WHAT TO PRODUCE
Go through the listing below and retype exactly the lines starting at the one with "Qual é a importância" and ending at the one with "La extremeña Laura", skipping pictures.

STUDY MATERIAL
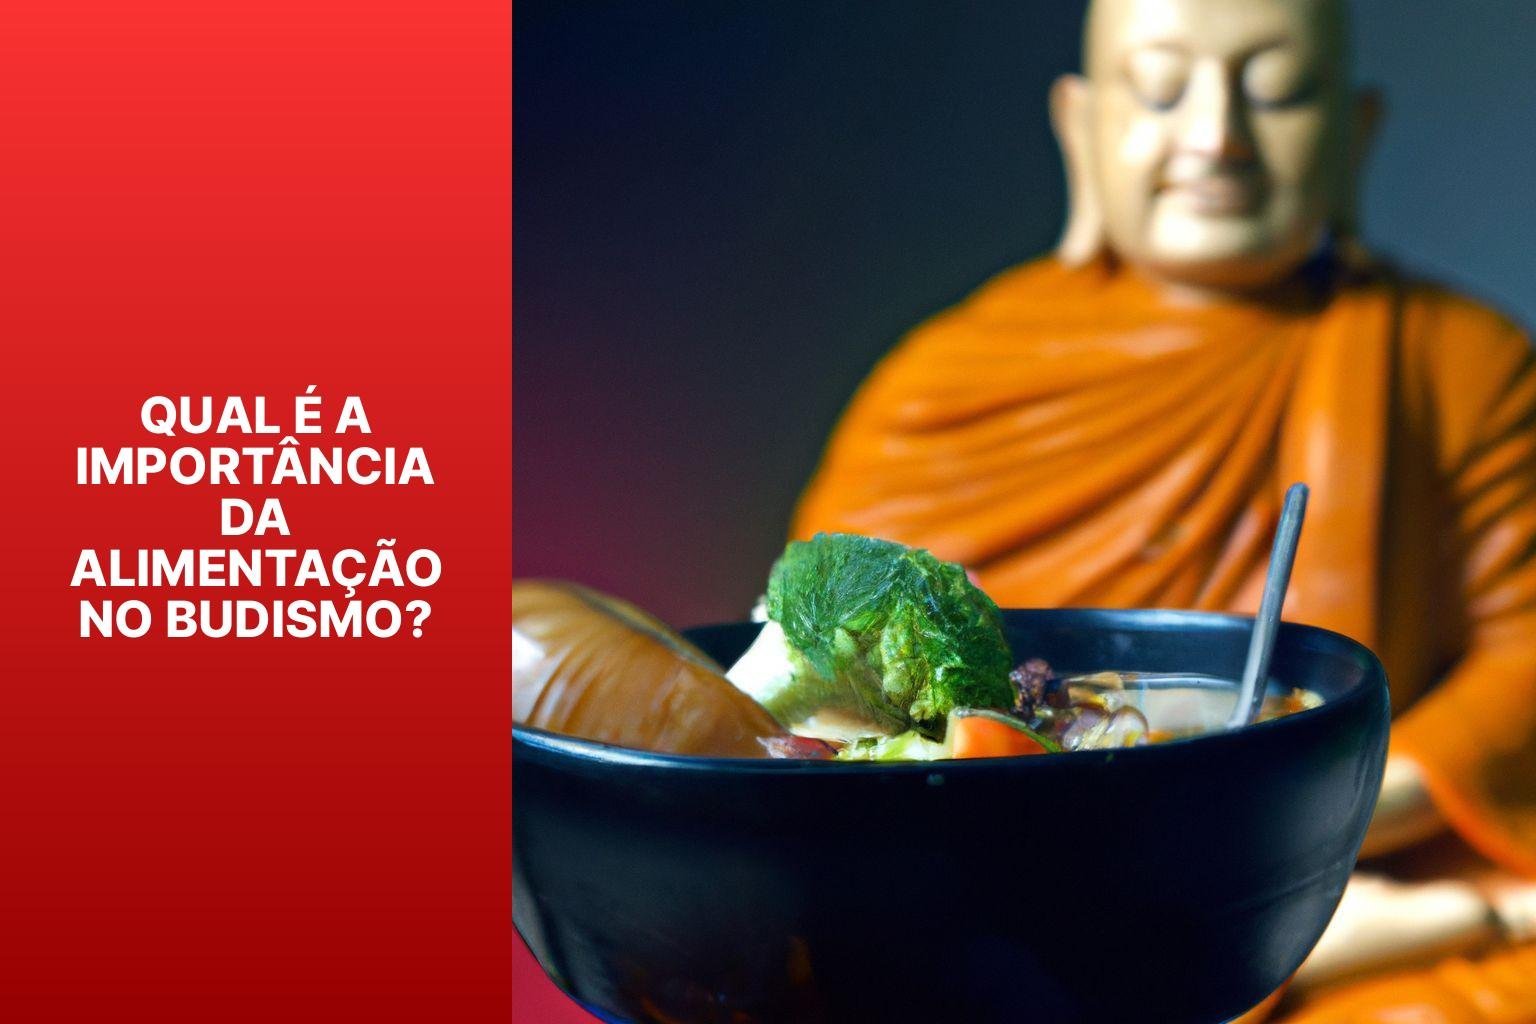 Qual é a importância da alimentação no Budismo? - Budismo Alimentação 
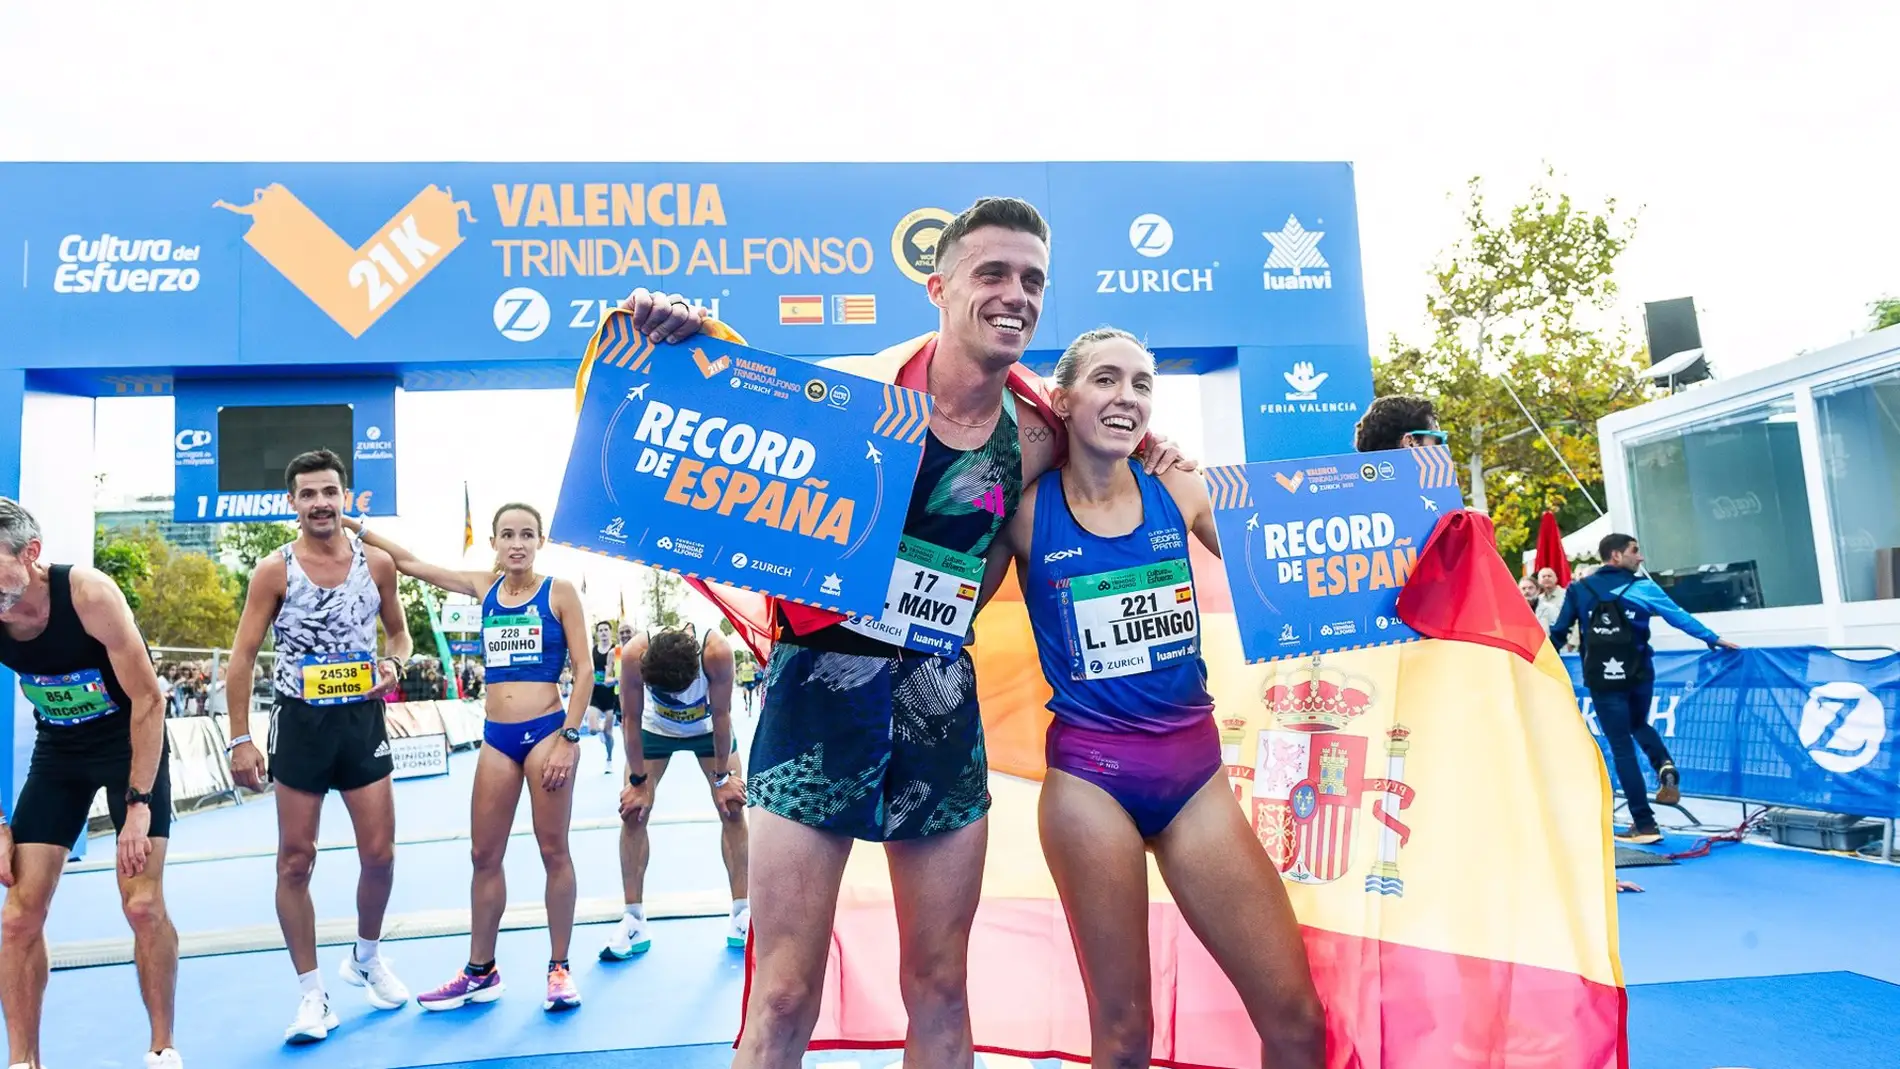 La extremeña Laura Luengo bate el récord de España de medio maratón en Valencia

---

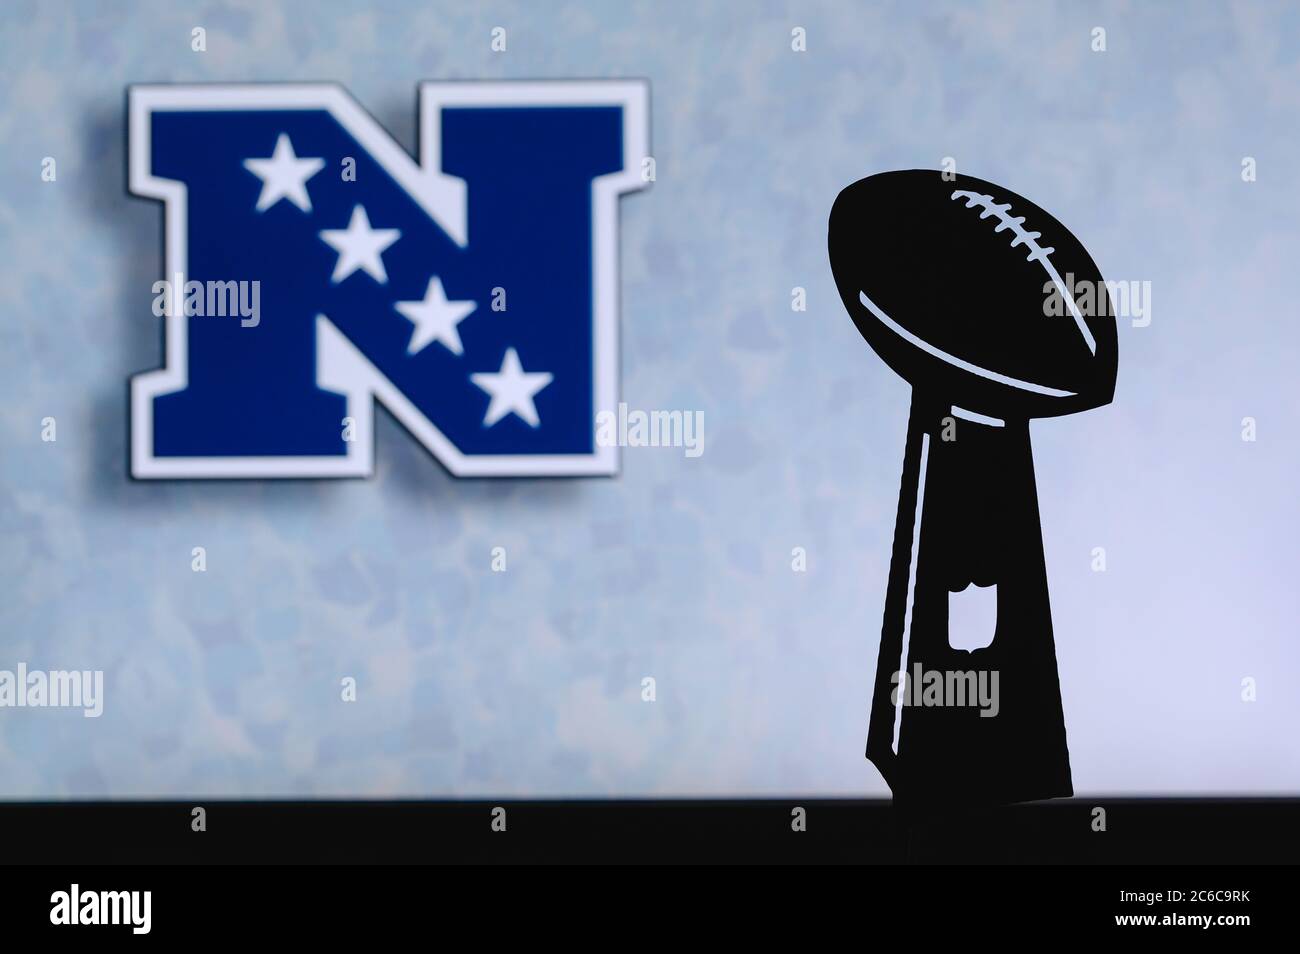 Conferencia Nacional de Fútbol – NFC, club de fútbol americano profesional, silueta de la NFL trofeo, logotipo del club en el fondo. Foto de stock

WRITTEN RESPONSE
 Qual é a importância da alimentação no Budismo? - Budismo Alimentação 
 La extremeña Laura Luengo bate el récord de España de medio maratón en Valencia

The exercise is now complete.